I began taking Aubagio 14mg yesterday. It was a LONG day. Problems: nausea, dizzyness, runny nose, aches like the flu, headache, chills, etc. It seemed the side effects were a lot like Avonex, but not as severe. This morning I feel relatively normal, but will take my second dose in about 30 minutes.

I tried injections with Avonex and Copaxone, but had huge injection site problems with both, so after a long discussion with my doctor, I agreed to try Aubagio.

Is there anyone out there also taking Aubagio? I would love some feedback from you!

Any thoughts out there on Aubagio?

Thanks!

Welcome to ThisIsMS. Thanks for sharing your experience with Aubagio. Regarding the side effects, have you compared your experience with those described in the Prescribing Information pamphlet? http://products.sanofi.us/aubagio/aubagio.pdf

NHE

Yes, and my side effects are comparable to those listed in the medication pamphlet. Just wondered if anyone else had any information to share.

Day 2: A little better. Not quite so dizzy, no nausea, still had a headache, but my nose did quit running and the aches weren't so bad.

Day 3: So far today, still have a headache, no nausea, a little dizzier tody...feel a little "out there"....and my feet are swelling and tingling a little. Not sure if that's the aubagio of not. Feel somewhat achy today, but no more than yesterday....hopefully, I'm seeing a light at the end of the tunnel!

Thanks for welcoming to ThisIsMS....
:~)

I started with the TOWER study in 2010. I had no clue (and still don't) whether I was receiving the placebo or one of the two study doses. I never felt nauseous or felt I had any of the other related side effects that I could blame the drug. When teriflunomide/Aubagio TOWER study went open label in February 2012 I have continued with it. I felt no differences after the transition. I just take it in the morning when I get up and forget about it for the day. When I was on Rebif I was absolutely miserable the day after I had the injections and all that went away with the teriflunomide/Aubagio.
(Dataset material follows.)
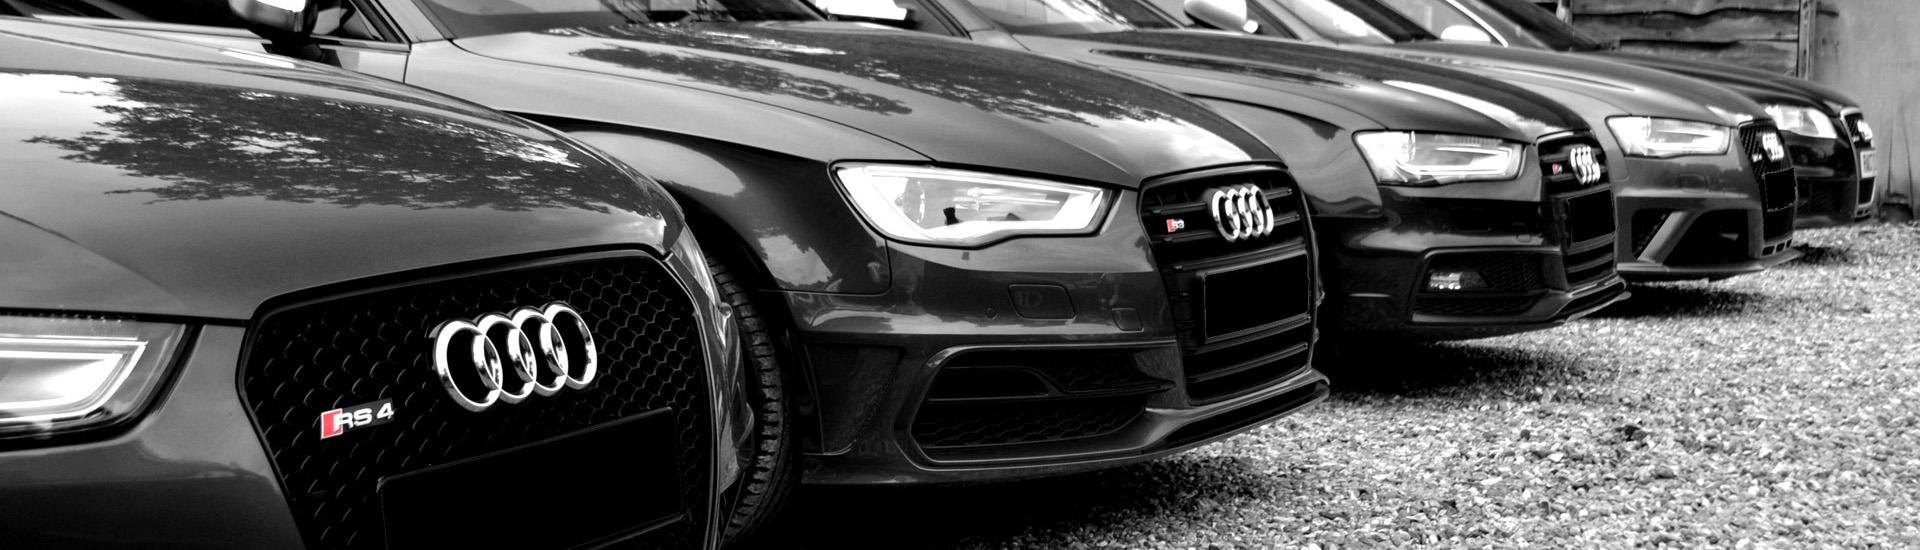 AUDI CAR BUYERS SYDNEY - SELL MY AUDI FOR CASH

I had an MRI last November (2011) and my doc wanted to pull me out of the trial then, which indicated to me that I might have been on the placebo when I started but I'm truly guessing. However, since the study was due to go open label in February (and everyone would be getting the same active dose then regardless) I told her I didn't want to be pulled yet and she agreed. I just had another MRI last week and I'll be seeing her in another two weeks so maybe she'll be able to tell if there have been any improvements over last year's MRI or see if we need to look at other options. (The approval on BG-12 has been delayed until sometime next year ).

I asked my trial coordinator what is going to happen to the extended TOWER study now that Aubagio has been approved by the FDA and she hasn't been told exactly what's going to happen either except that they may continue it until the last person who entered the original TOWER study had completed their initial trial period which would extend it until sometime next year.
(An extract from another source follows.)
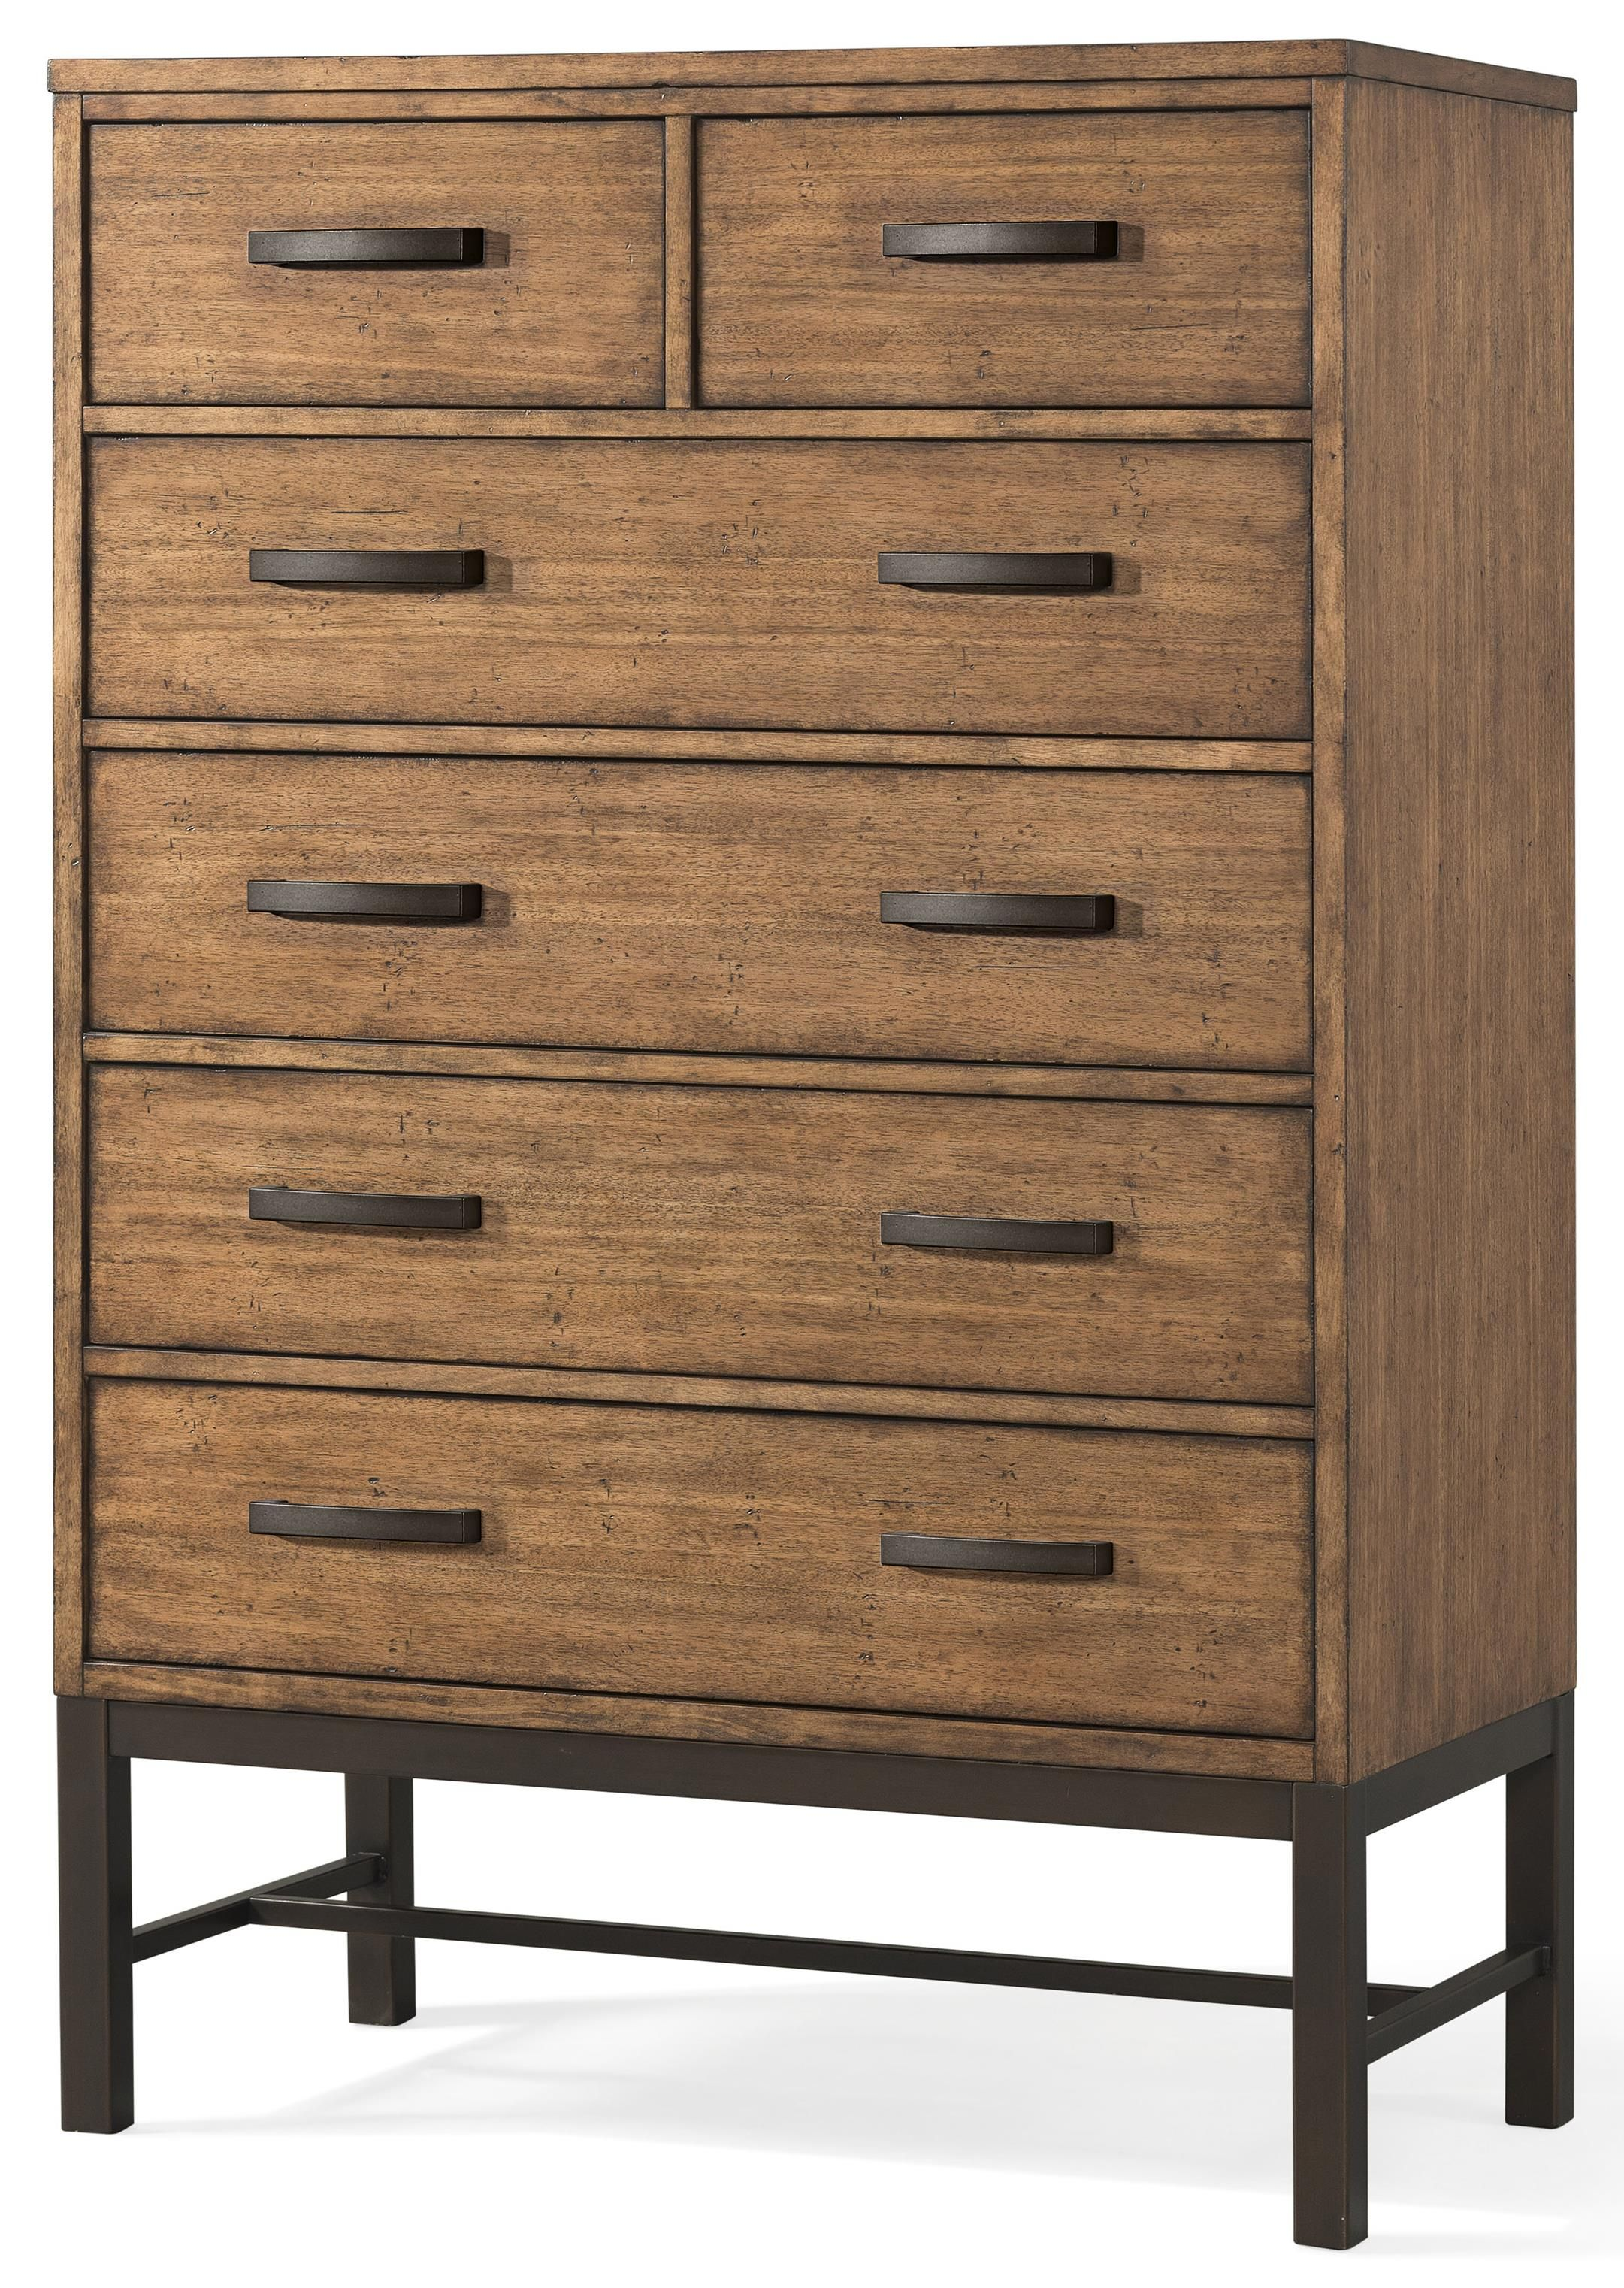 Hom Furniture Dressers

Anyway, that's been my experience with Aubagio/teriflunomide and I wish everyone the best of luck with it. It beats the injections by miles!

Have a GREAT day!

Thanks CeAire for the information. Do you happen to know much if anything about the liver problems associated with aubagio?

I saw that could be one of the side effects but apparently so far while in the trial they have made no mention to me of any elevated levels of anything affecting the liver. I'm still going for monthly blood tests so I'm sure they are monitoring it. All these drugs can affect something adversely at some point and I'm sure a lot depends on the individual. I'd just make sure down the road to remind my neuro to order regular tests now and then to ensure the drug isn't doing more harm than good.

Have a GREAT day!

Hey sdf75 - good luck with it, i hope the side effects lessen quickly for you my neuro called me today and told me she's put me on the list to start aubagio treatment. i'm on avonex currently, and have huge side effects and really hate self injecting so i'm excited about the possibility of trying something else.
i know it's horribly vain, but the possibility of hair thinning scares me. has anyone experienced this?

I am also new here and I am very happy to see this site. Since this drug is so new for MS it is nice to know there are other people who can share their experiences.
Here is my History
I have had MS for 17 years and all but the first three I have been on Avonex
I started the Aubagio Oct 12 at 14mg I was having a pretty rough time so I am now down to 7mg and doing much better, still having a queasy stomach but not nearly as sick as the 14mg. I think it was just to much drug considering Iwas only taking half doses of Avonex when I was on it.
What time of the day do you take your abubagio? and have you found you have less side effects when taken with food?
Do you think there is any with drawl effects from stopping the Avonex?
I asked the nurse about the hair thinning and she says it is not a long lasting symptom so I hope she is right.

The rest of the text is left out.